If no similar patterns show up on .com / Dedicated:

Treat it as potentially self-managed-specific:
- Configuration, scaling, or environment-specific behavior
If the issue is significant and reproducible, still open a GitLab issue with:
- Clear reproduction notes
- Customer impact
- Any hypotheses (for example, schema, index, configuration, or workload characteristics)

5. Drive the database investigation

While the cross-reference work proceeds, continue driving the technical investigation:

Use existing Database Help / DB Support Pod workflows for:
- Query analysis and slow-query identification
- Index / schema review and background migration checks
- Lock / blocking analysis and connection saturation
Loop in Database Engineering / DBO when:
- The issue appears systemic or risky to change
- You need deeper guidance on schema, partitioning, or background migrations

Document your findings in the ticket and, when relevant, in the linked GitLab issue.

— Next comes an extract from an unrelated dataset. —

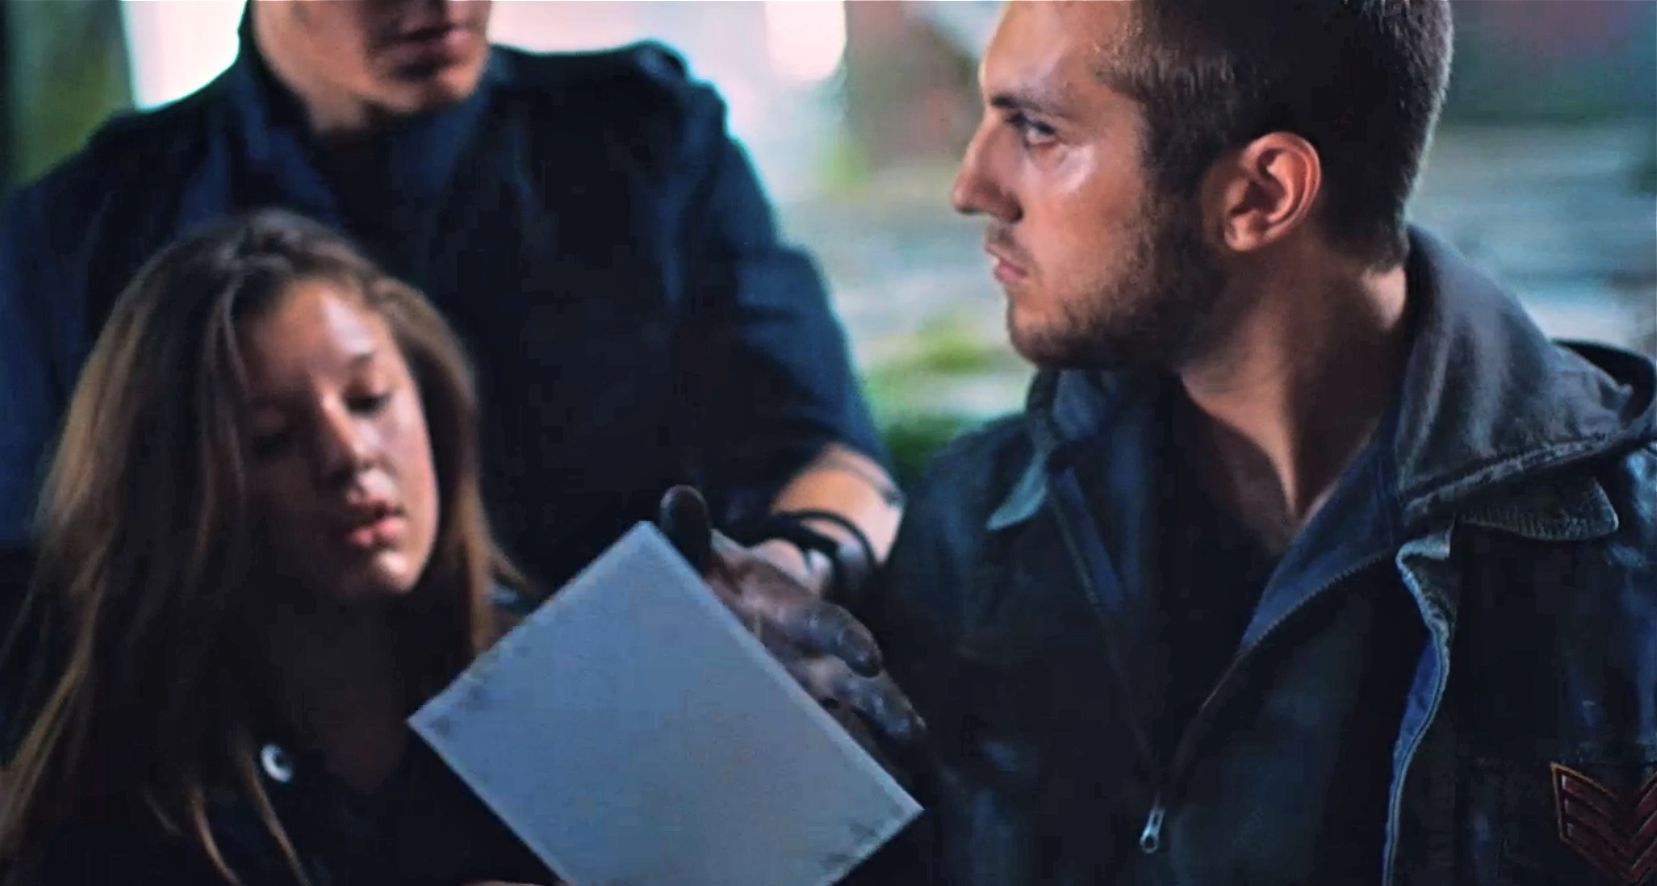 Still of Niki Cipriano (front left), and Gino Borri (right) in Lost In The Echo, by Linkin Park

6. Close the feedback loop

To make the work re-usable across deployments:

As new information appears (from customer or Infra):
- Add it to the linked GitLab issue as a comment.
When a fix or mitigation is merged:
- Record:
  - Version(s) containing the fix
  - Any backports or feature flags required
- Help the customer apply and verify the fix.
After validation:
- Comment on the GitLab issue with:
  - Customer confirmation and any metrics before/after
  - Whether the same fix should be proactively considered for other deployment types.